Mars has nearly ideal conditions for efficiently creating oxygen from atmospheric carbon dioxide in the future using plasma technology, a study has found. According to researchers from University of Porto in Portugal and Ecole Polytechnique in Paris, Mars has 96 per cent carbon dioxide (CO2) in its atmosphere.
The research, published in the journal Plasma Sources Science and Technology, shows that the pressure and
temperature ranges in the Martian atmosphere mean non-thermal plasma can be used to produce oxygen efficiently. “Sending a manned mission to Mars is one of the next major steps in our exploration of space. Creating a breathable
environment, however, is a substantial challenge,” said Vasco Guerra, from the University of Lisbon in Portugal.
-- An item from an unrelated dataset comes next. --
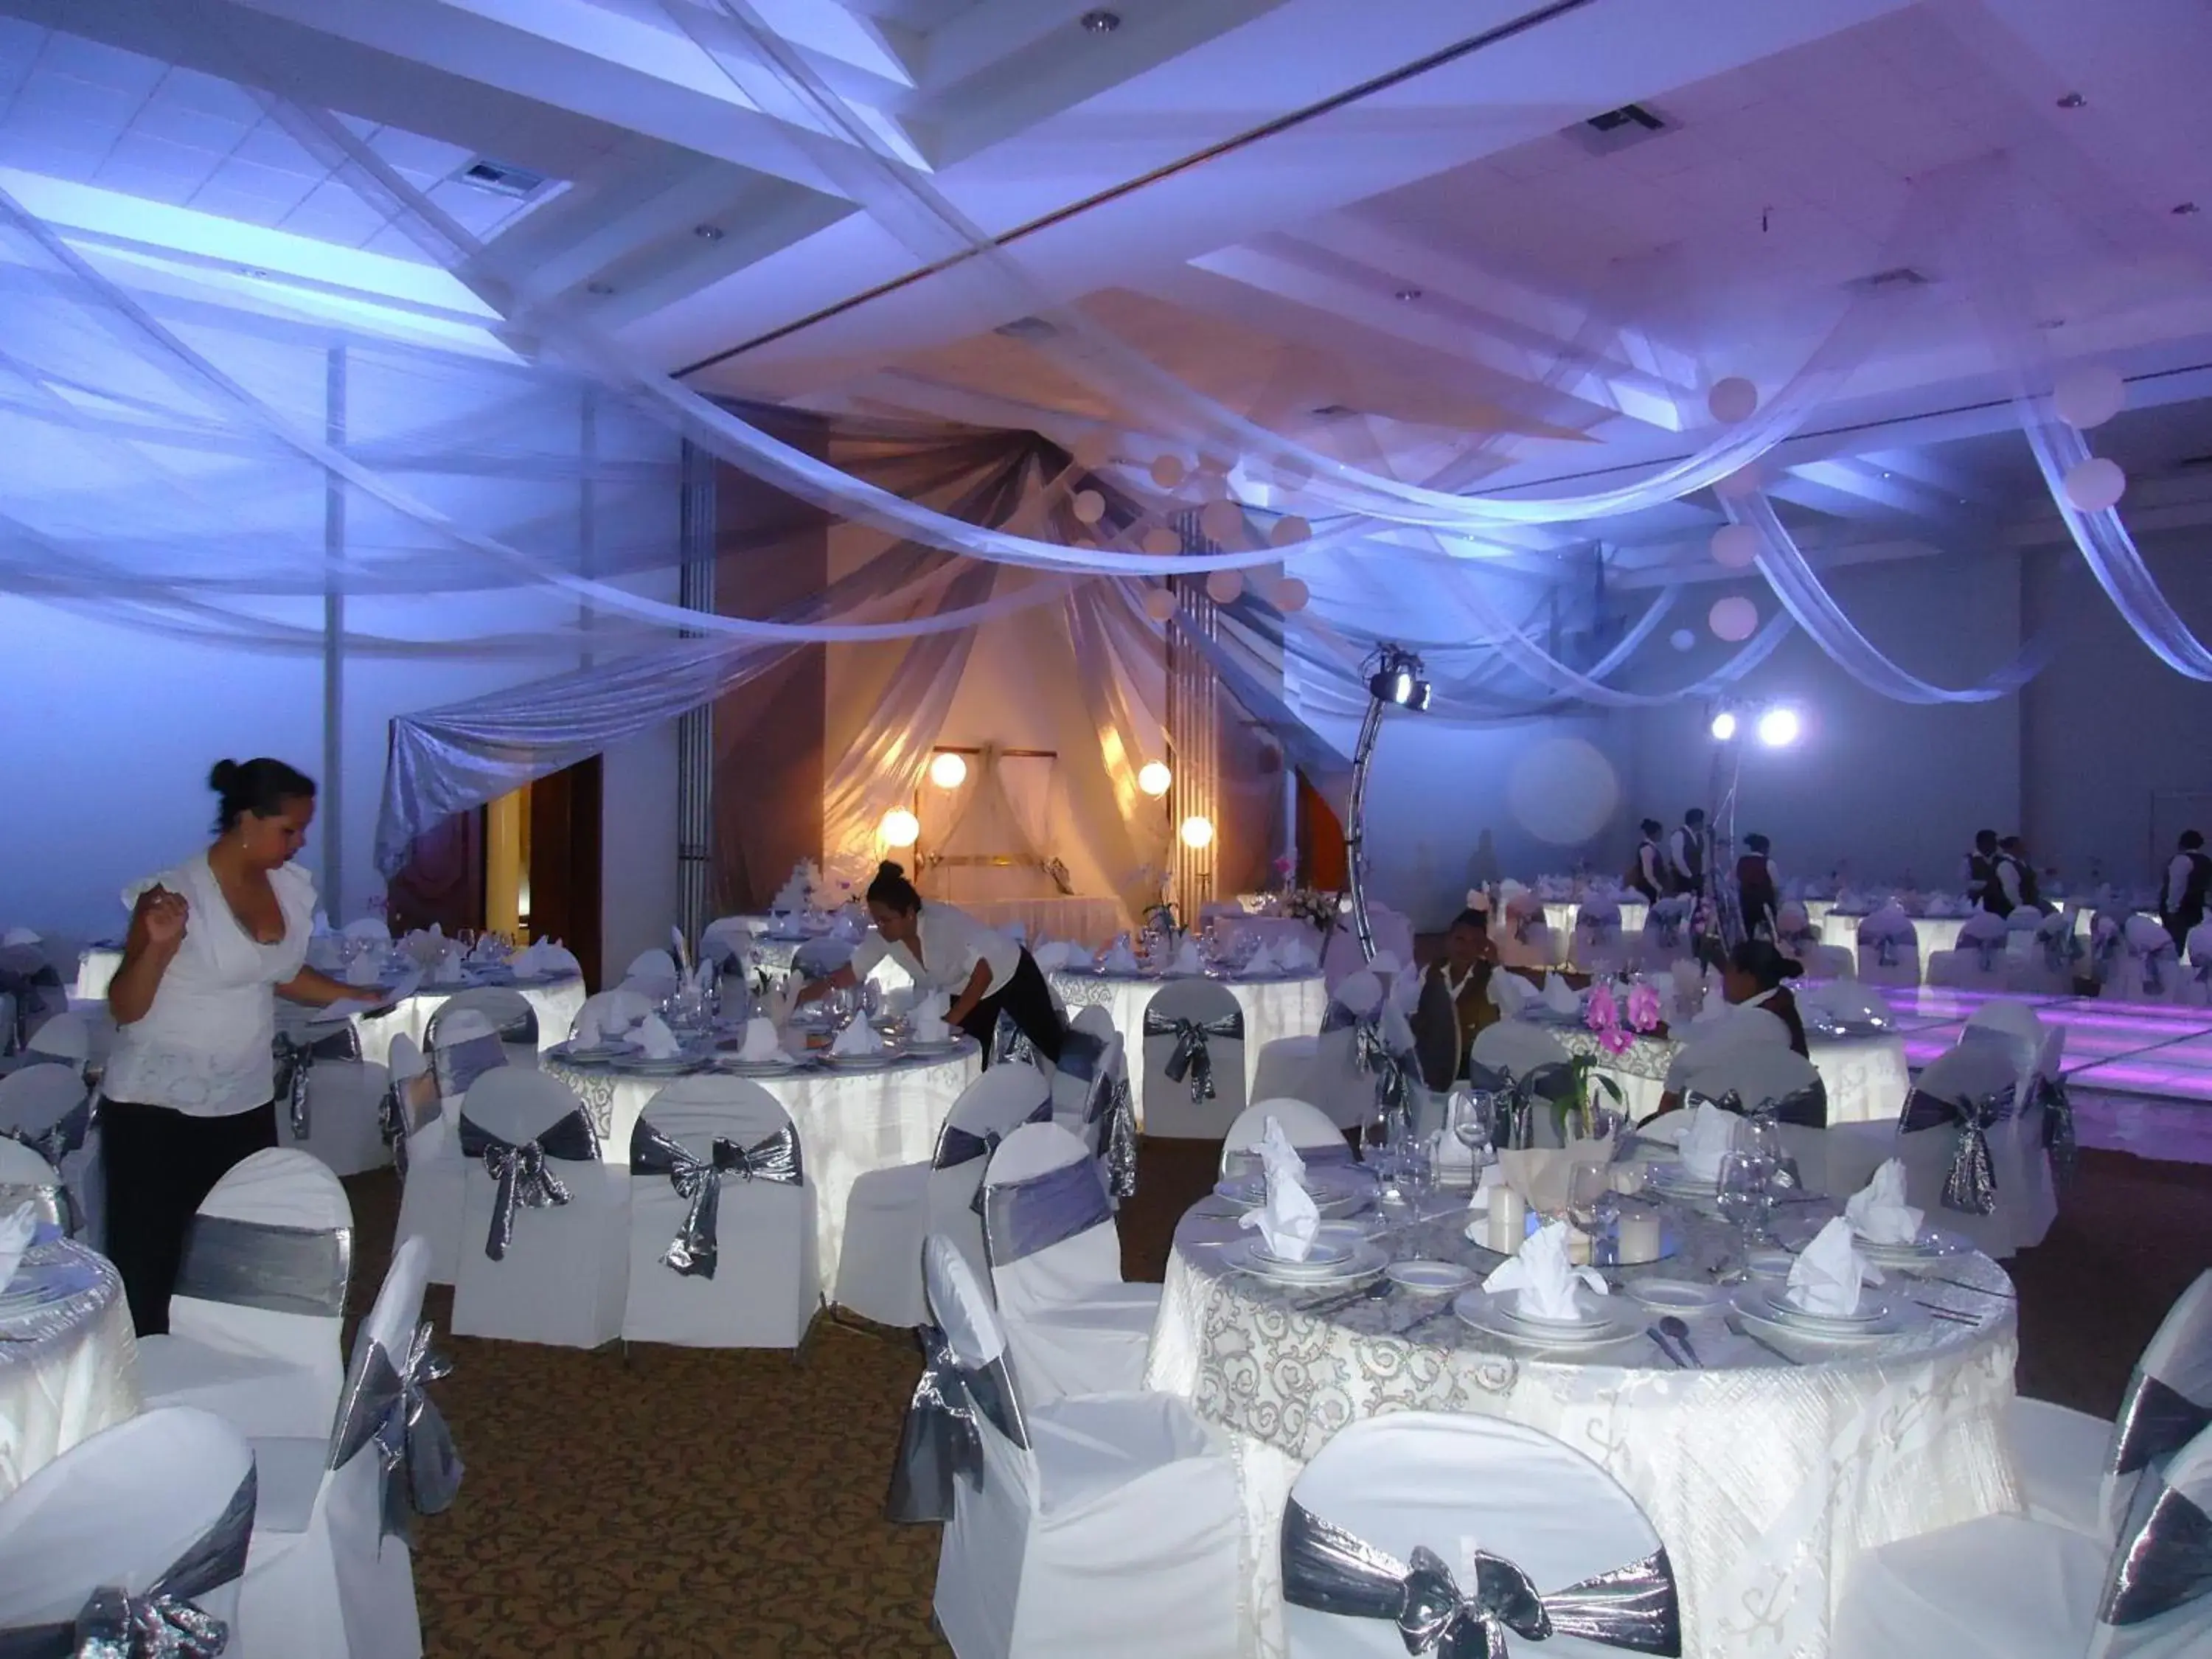 Banquet/Function facilities, Banquet Facilities in Hotel Marbella

“Plasma reforming of CO2 on Earth is a growing field of research, prompted by the problems of climate change and
production of solar fuels,” said Guerra. “Low temperature plasmas are one of the best media for CO2 decomposition – the split-up of the molecule into oxygen and carbon monoxide – both by direct electron impact, and by transferring electron energy into vibrational excitation,” he said.
Mars has excellent conditions for In-Situ Resource Utilisation (ISRU) by plasma. As well as its CO2 atmosphere, the cold surrounding atmosphere may induce a stronger vibrational effect than that achievable on Earth. The low atmospheric temperature also works to slow the reaction, giving additional time for the separation of molecules.
“The low temperature plasma decomposition method offers a twofold solution for a manned mission to Mars. Not only would it provide a stable, reliable supply of oxygen, but as source of fuel as well, as carbon monoxide has been proposed as to be used as a propellant mixture in rocket vehicles,” said Guerra.
“This ISRU approach could help significantly simplify the logistics of a mission to Mars. It would allow for increased self-sufficiency, reduce the risks to the crew, and reduce costs by requiring fewer vehicles to carry out the mission,” he said.